-- Data under study --

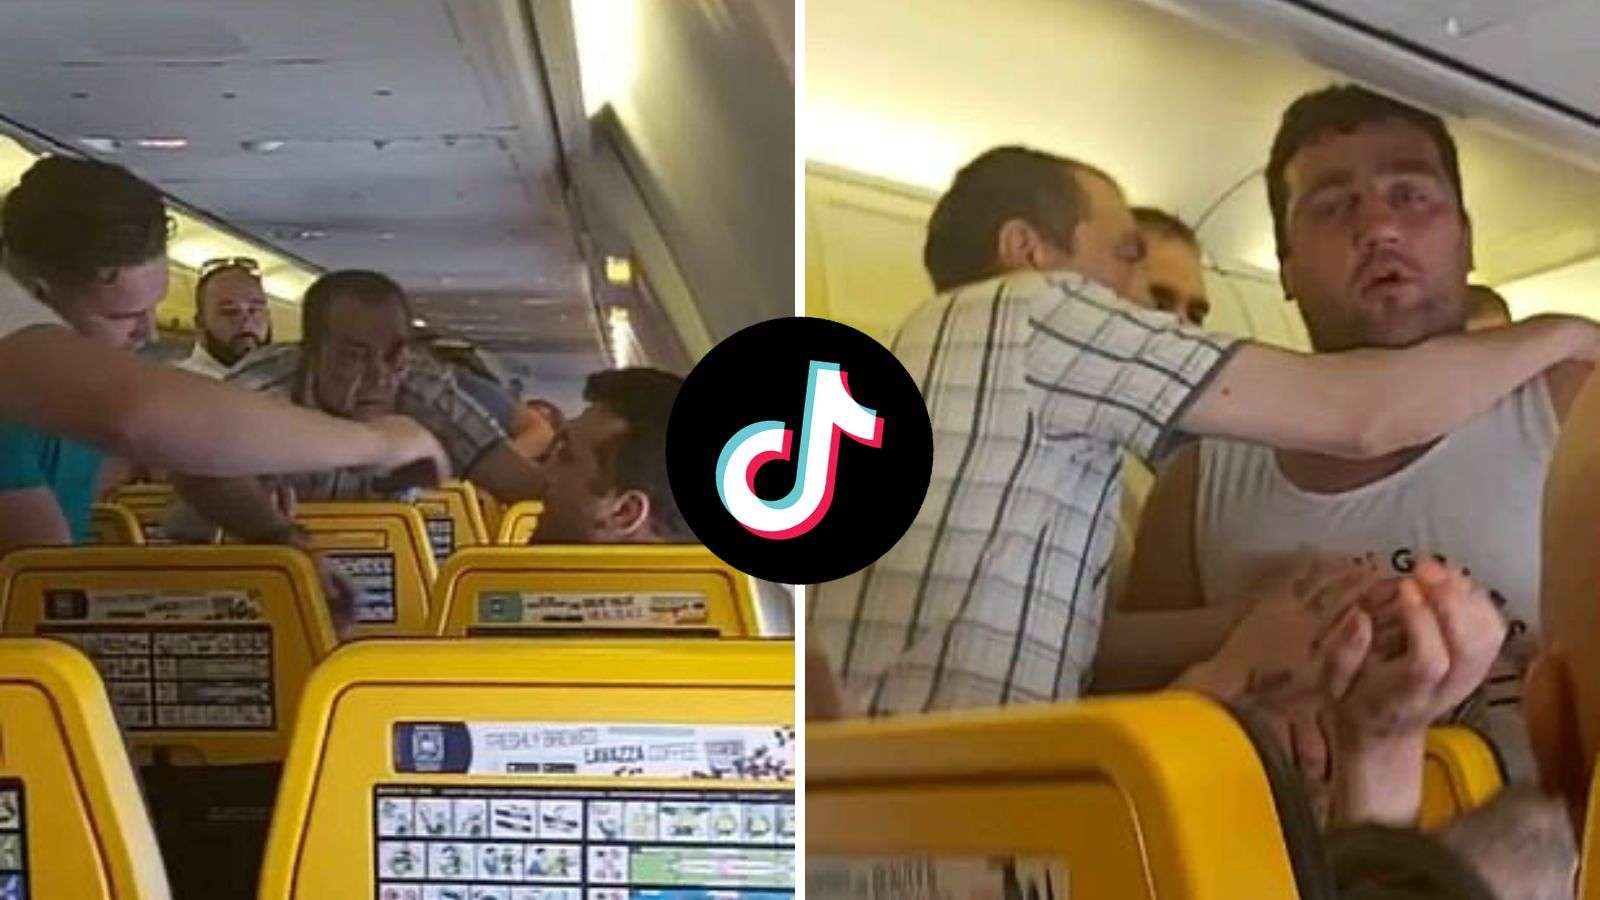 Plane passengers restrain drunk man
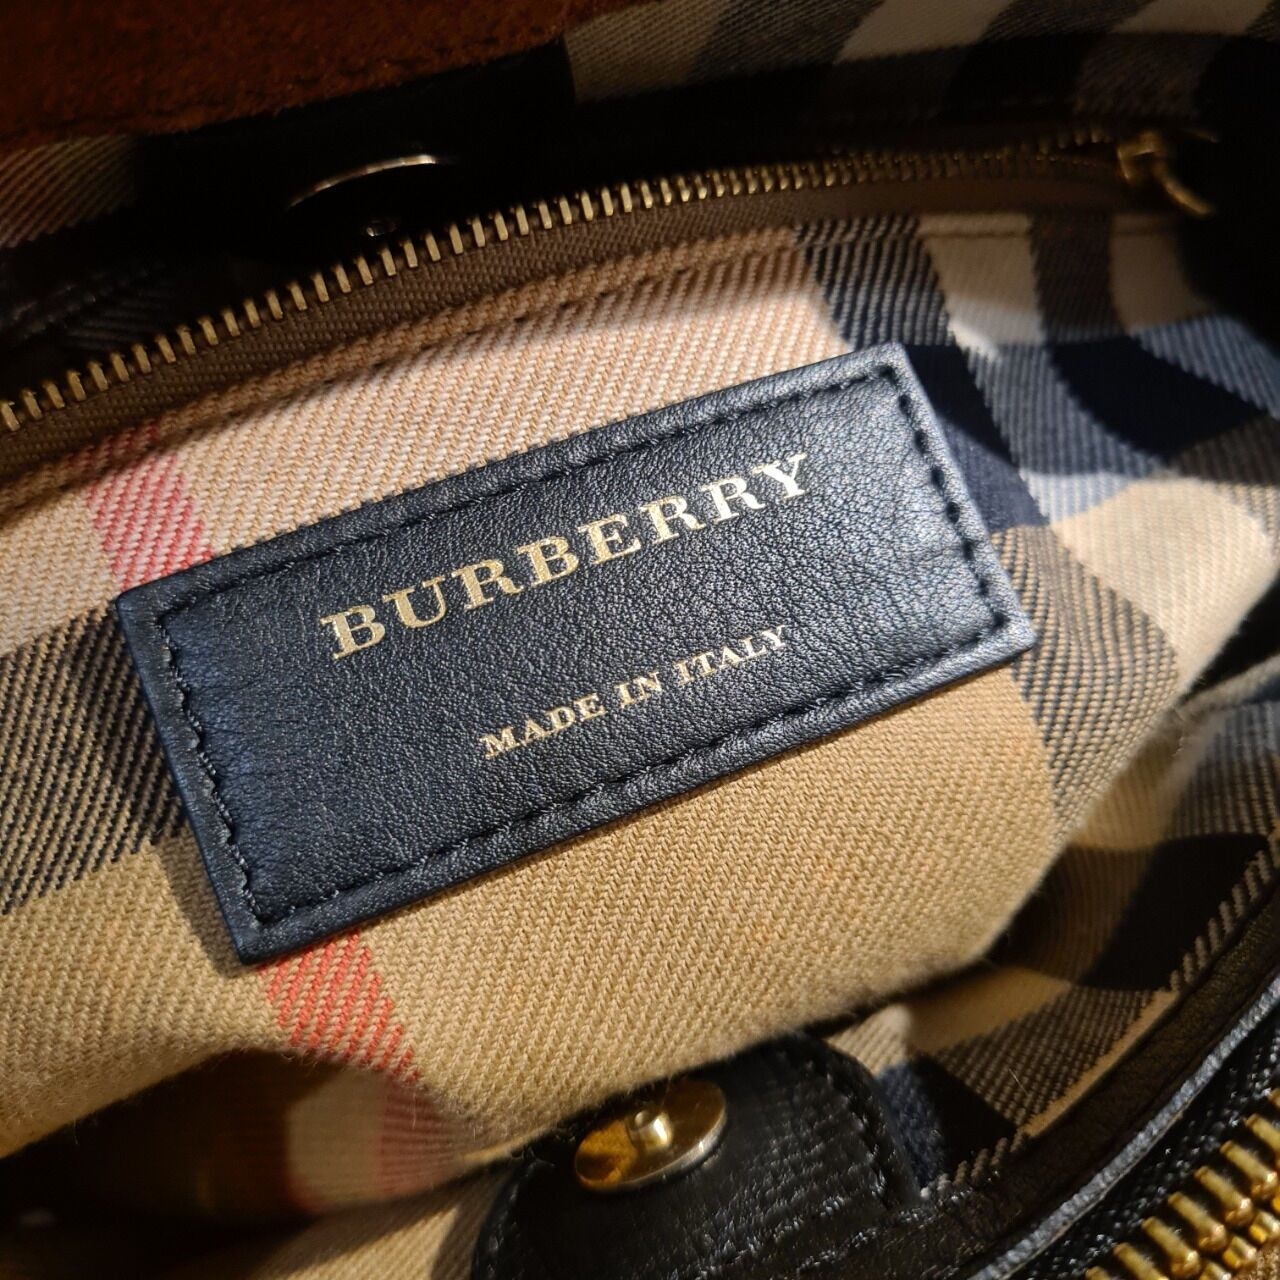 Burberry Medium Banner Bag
...
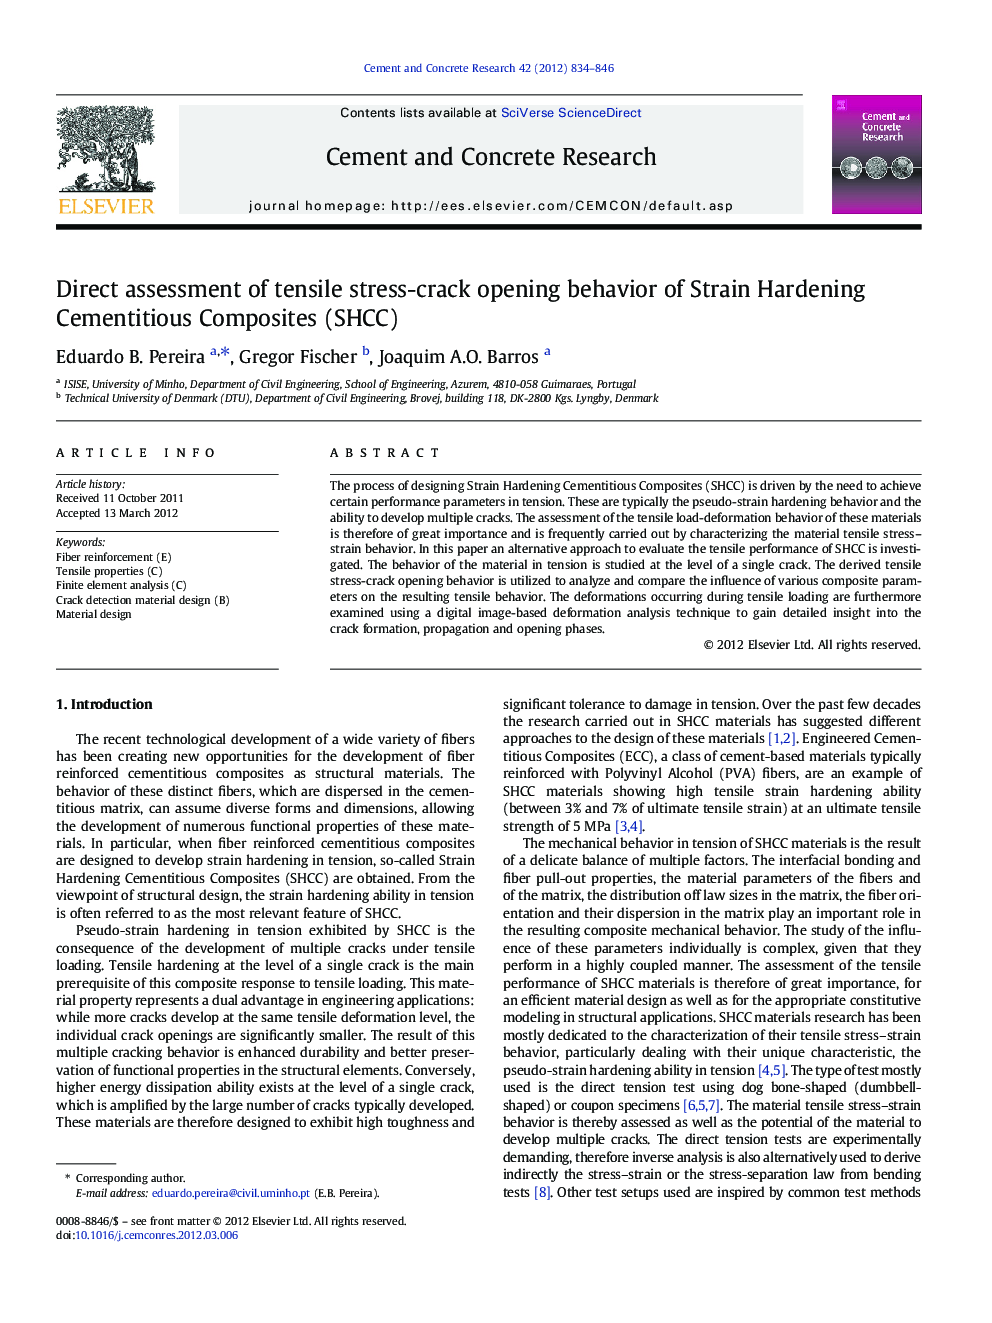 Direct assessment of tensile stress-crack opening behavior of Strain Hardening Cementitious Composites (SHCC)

-- Work item --
Each line above starting at the one holding "Plane passengers restrain drunk man" and ending at the one holding "Burberry Medium Banner Bag" should be set down exactly as it stands, both ends included, with no pictures.

-- Exercise response --
 Plane passengers restrain drunk man
 Burberry Medium Banner Bag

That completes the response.